• Problem details:
Leaving the pictures aside, repeat each line below exactly.

• Recorded information:

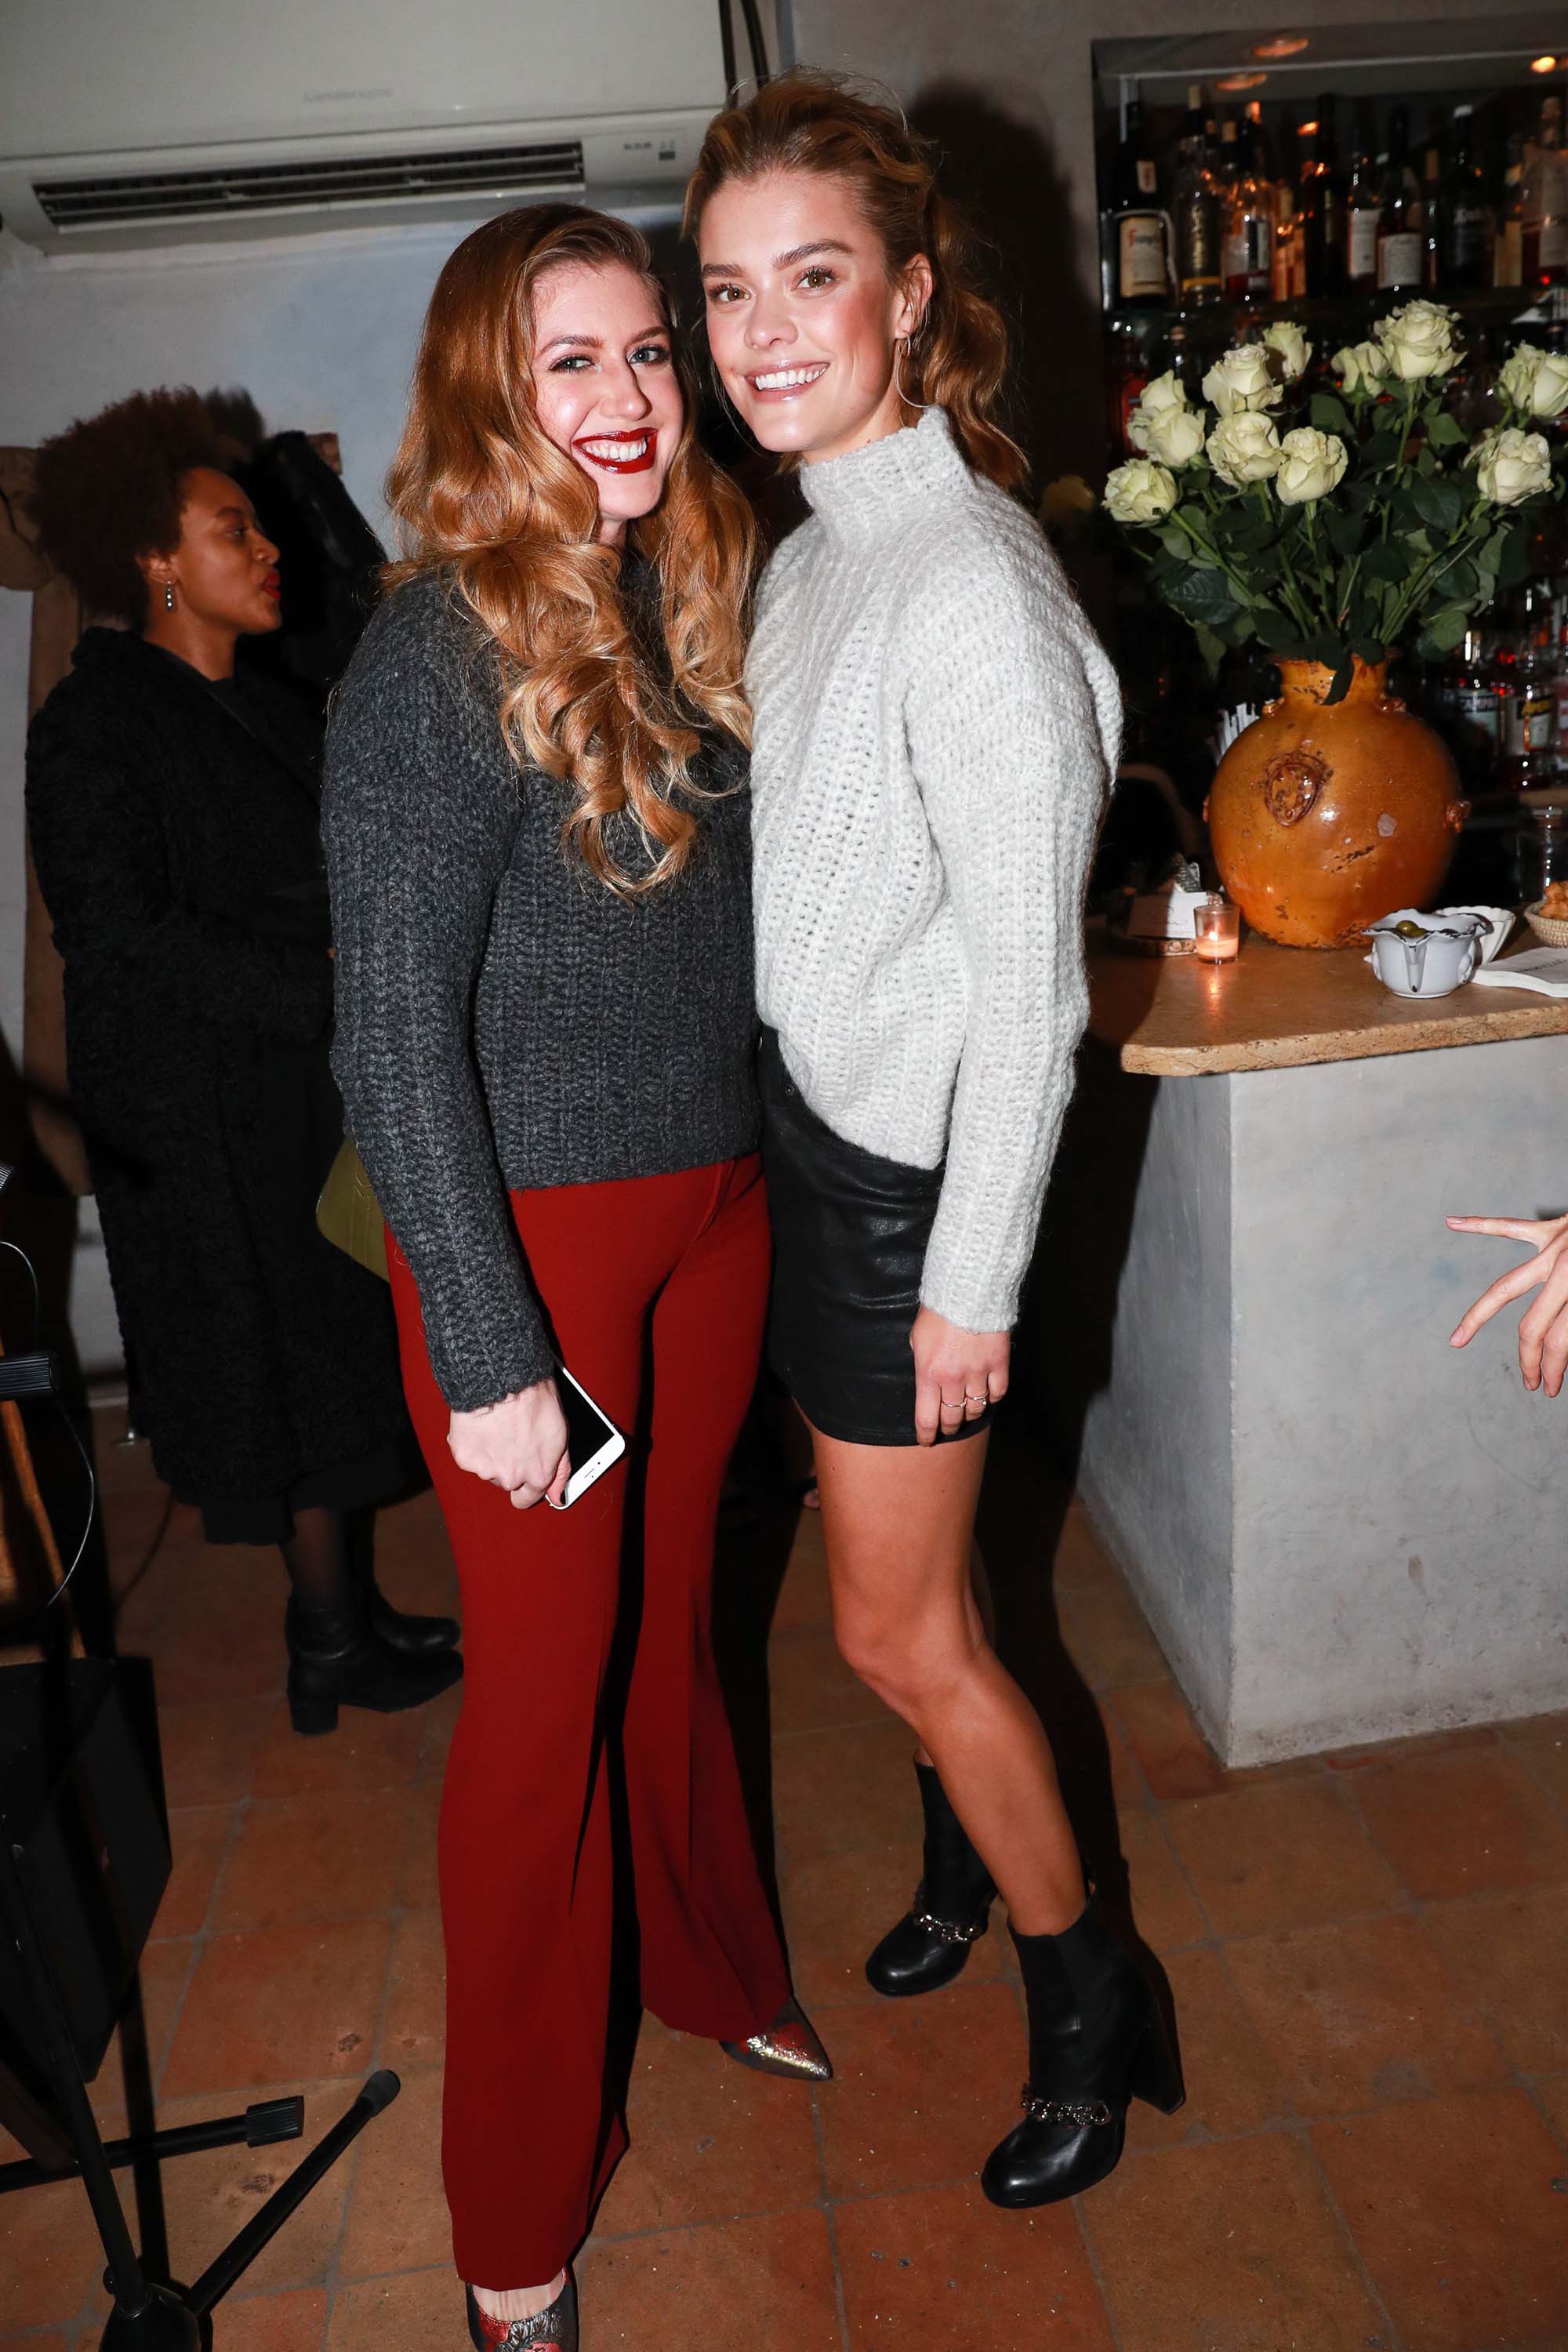 Nina Agdal attends AerieREAL Role Models dinner party
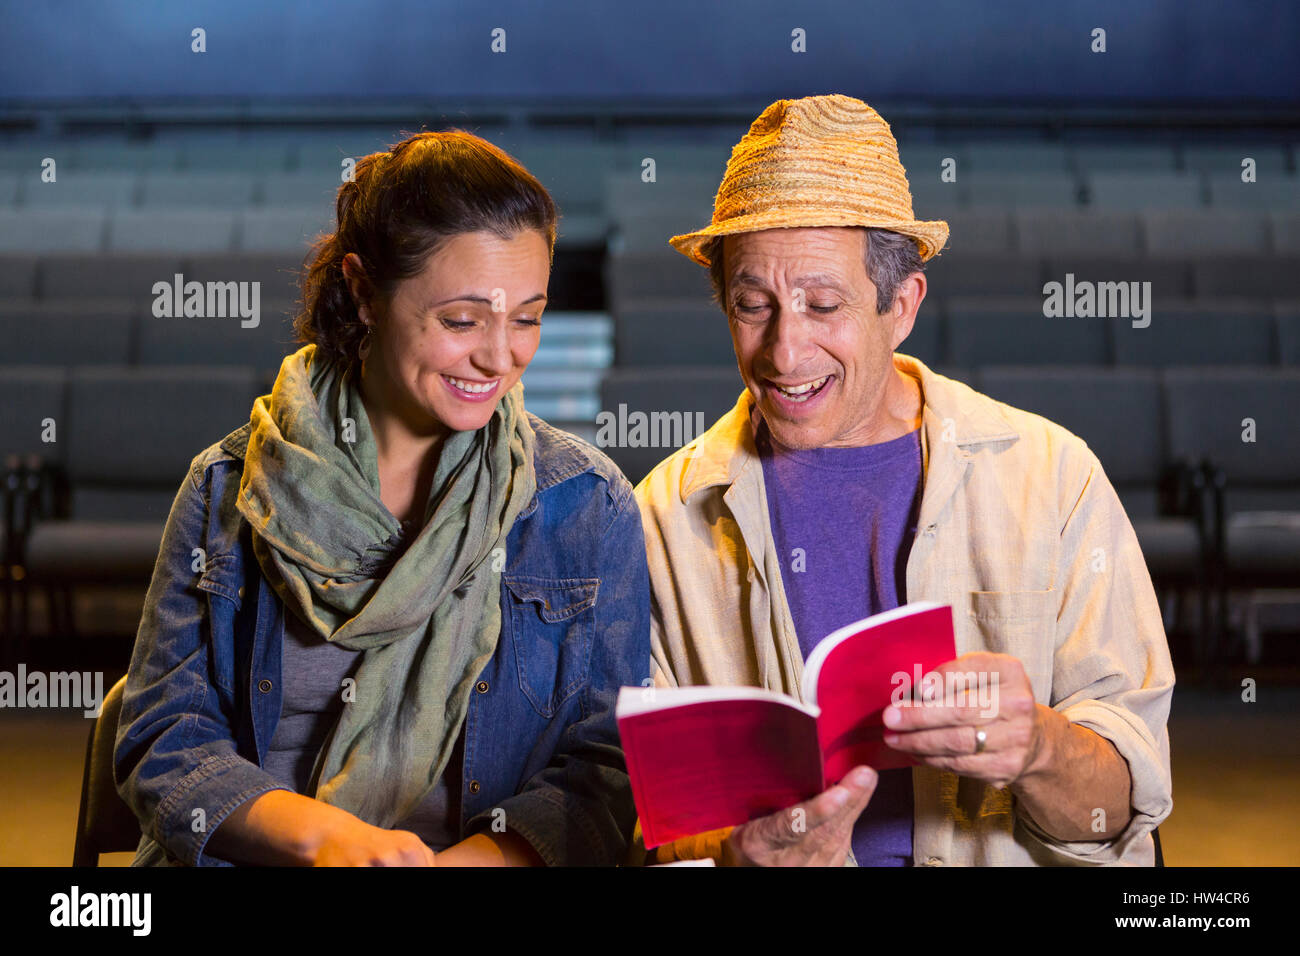 Caucasian actors rehearsing with script in theater Stock Photo
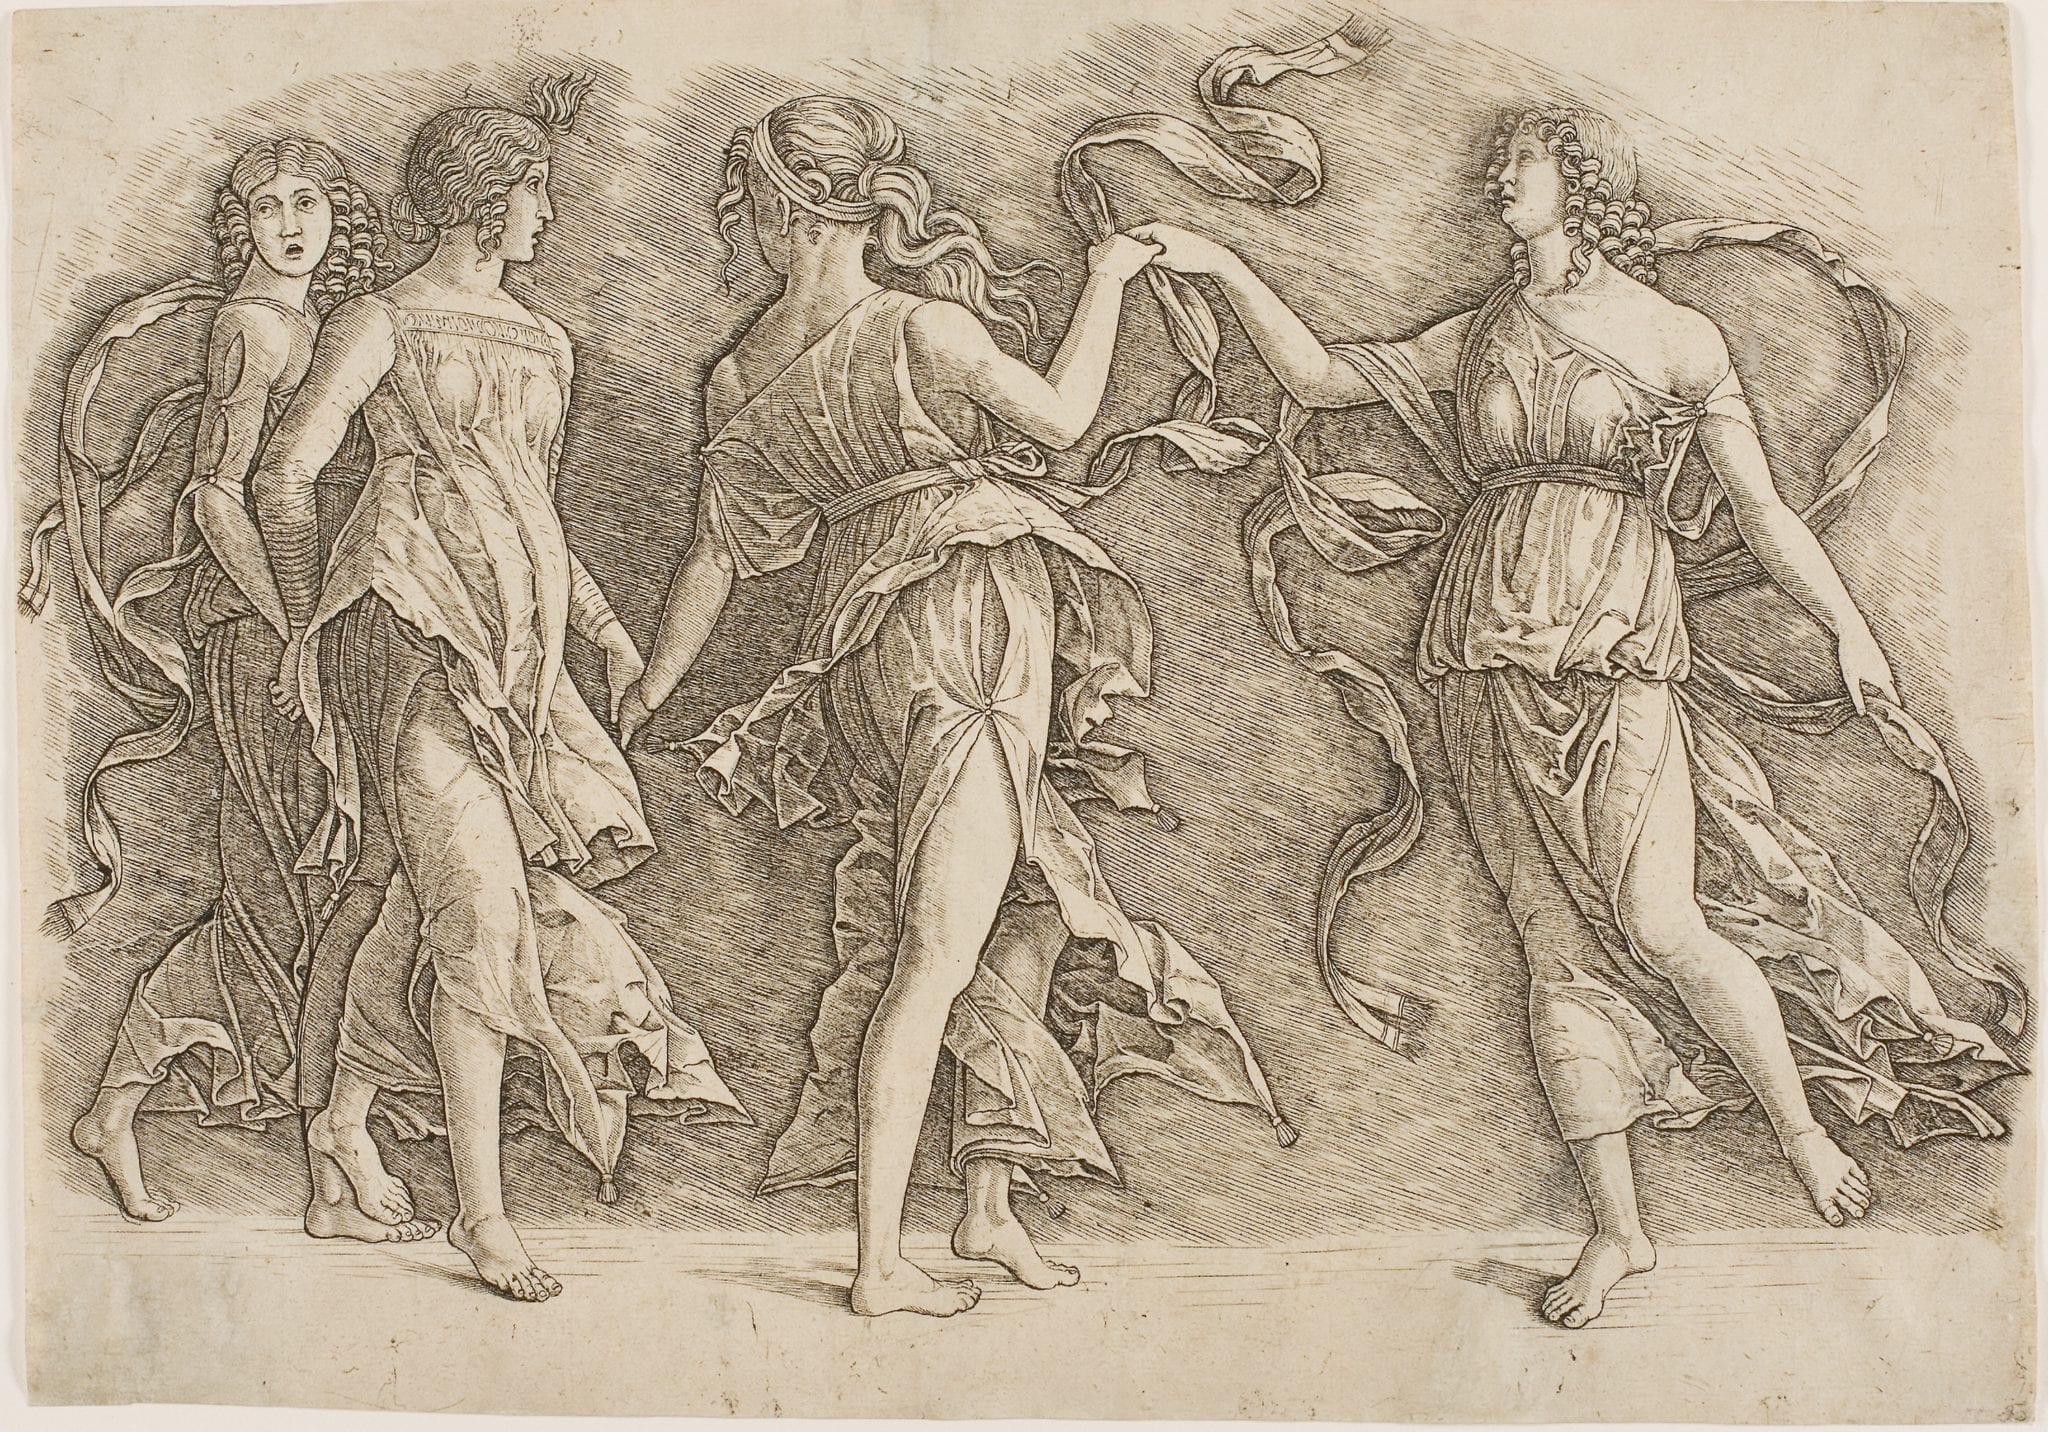 Print of four women dancing while holding hands

• Task answer:
 Nina Agdal attends AerieREAL Role Models dinner party
 Caucasian actors rehearsing with script in theater Stock Photo
 Print of four women dancing while holding hands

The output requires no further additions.